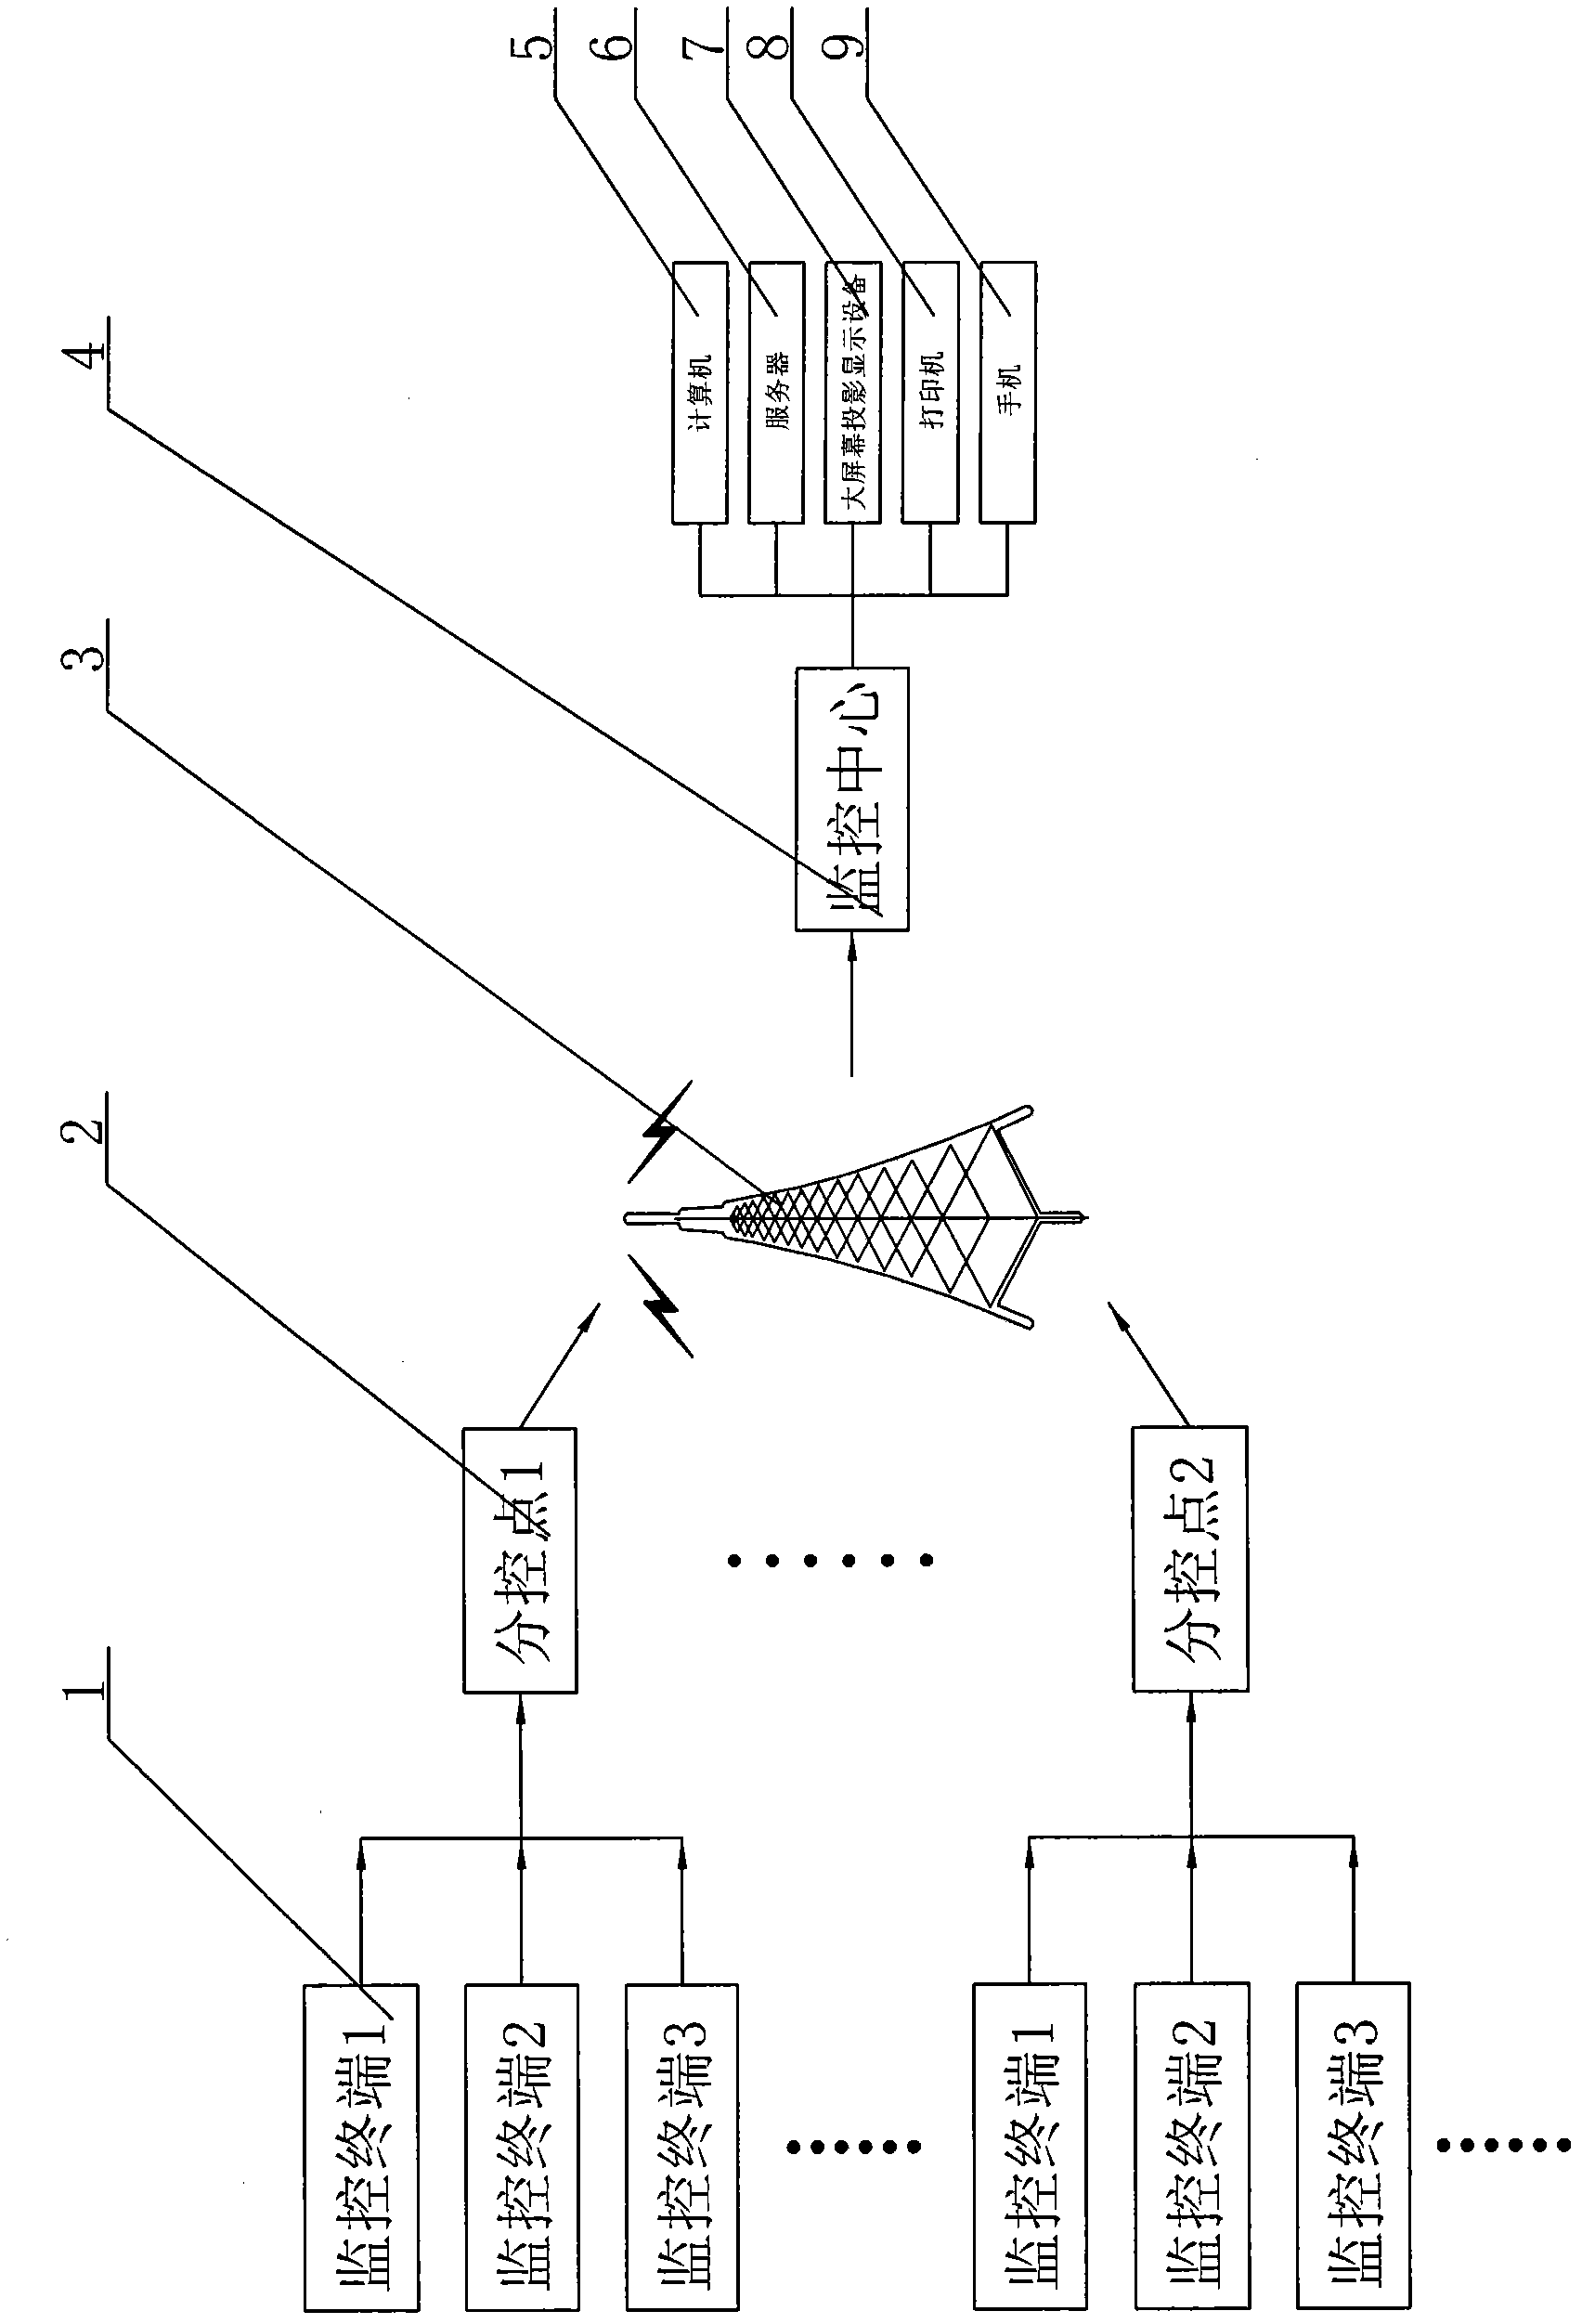 System for remotely monitoring and controlling internet of things on basis of GPRS (General Packet Radio Service) network
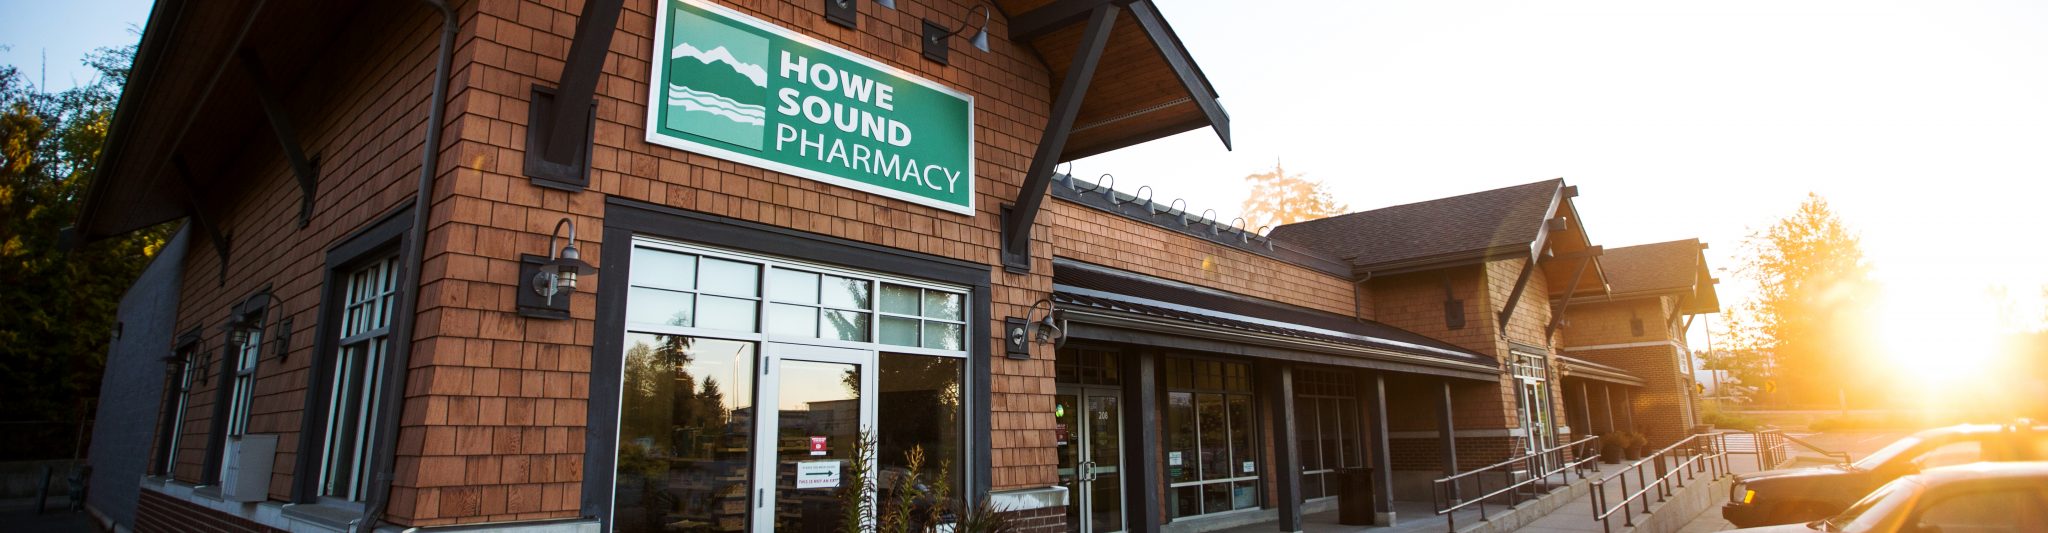 Howe Sound Pharmacy is open for you and your health
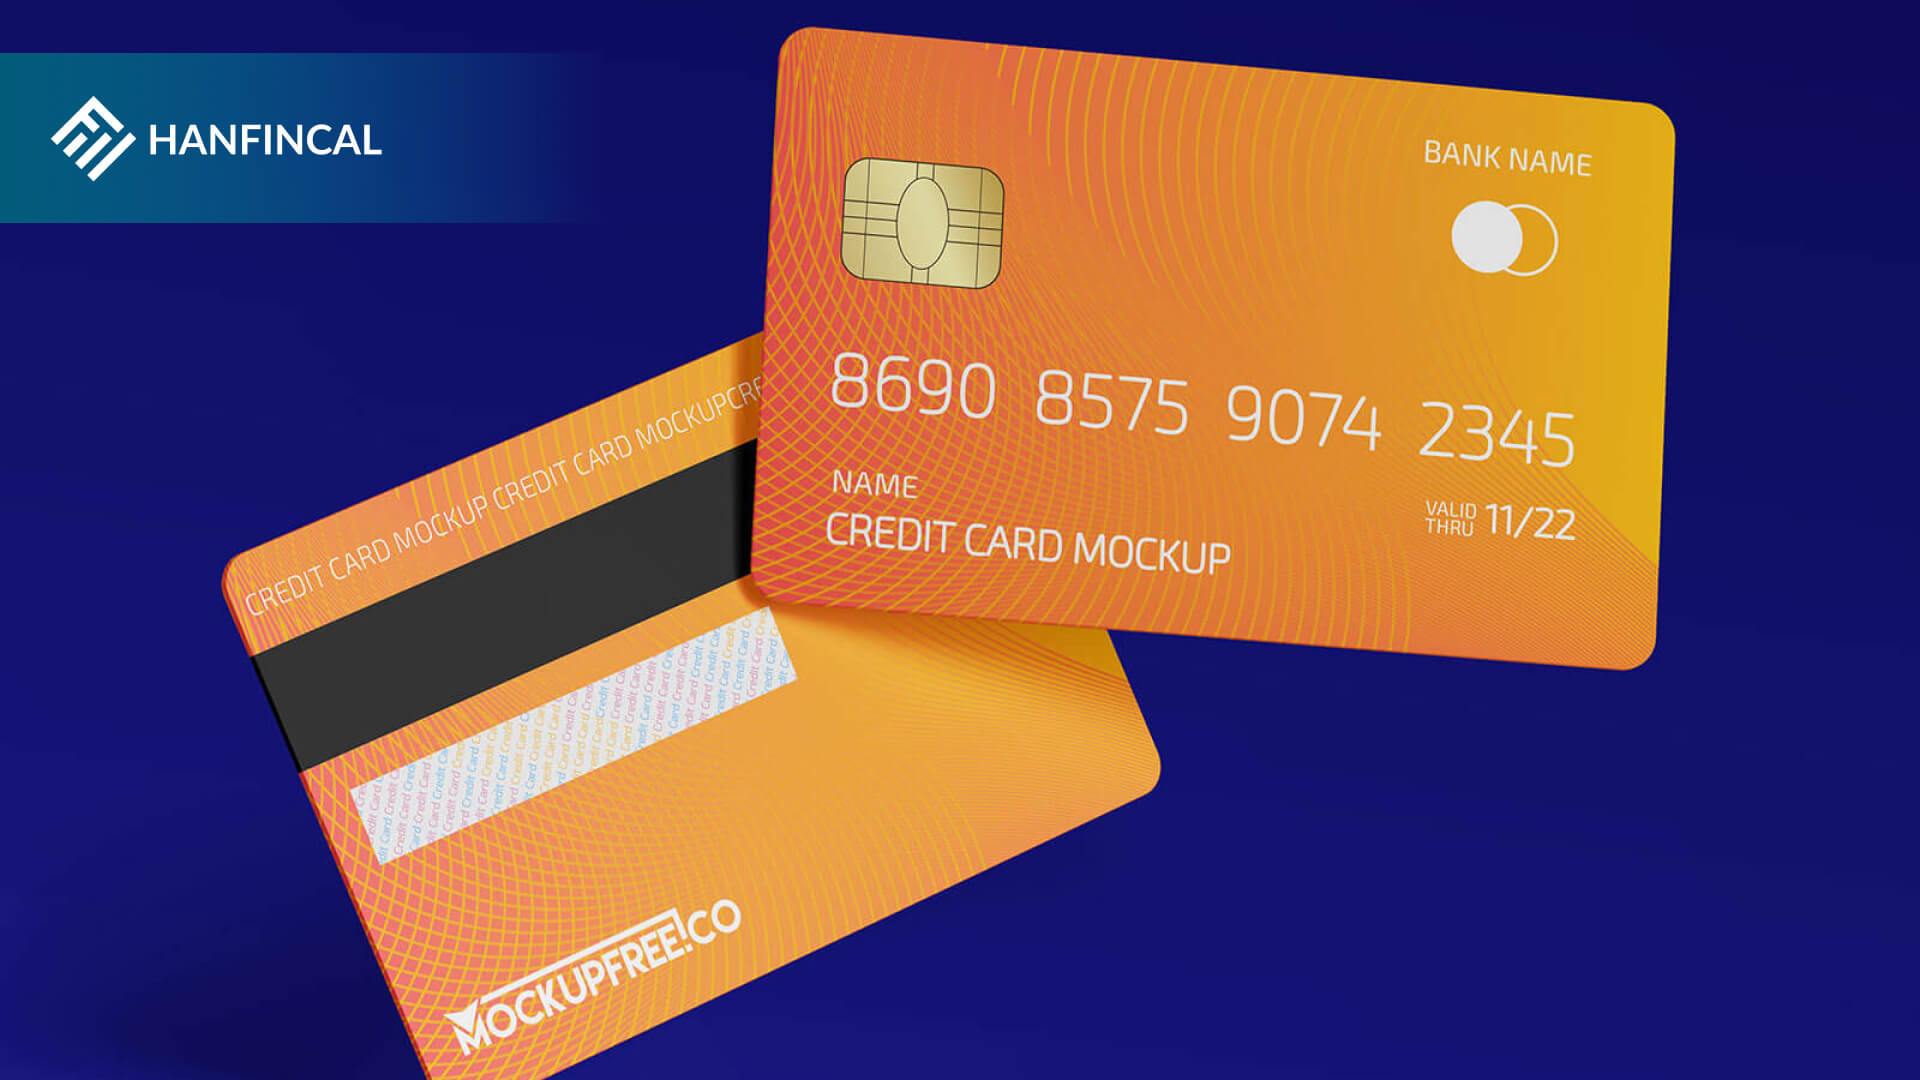 How to change name on credit card?

::::::::::

Write out the data in full and exactly as given, though without the images.

#### REPLY TO THE EXERCISE
 System for remotely monitoring and controlling internet of things on basis of GPRS (General Packet Radio Service) network
 Howe Sound Pharmacy is open for you and your health
 How to change name on credit card?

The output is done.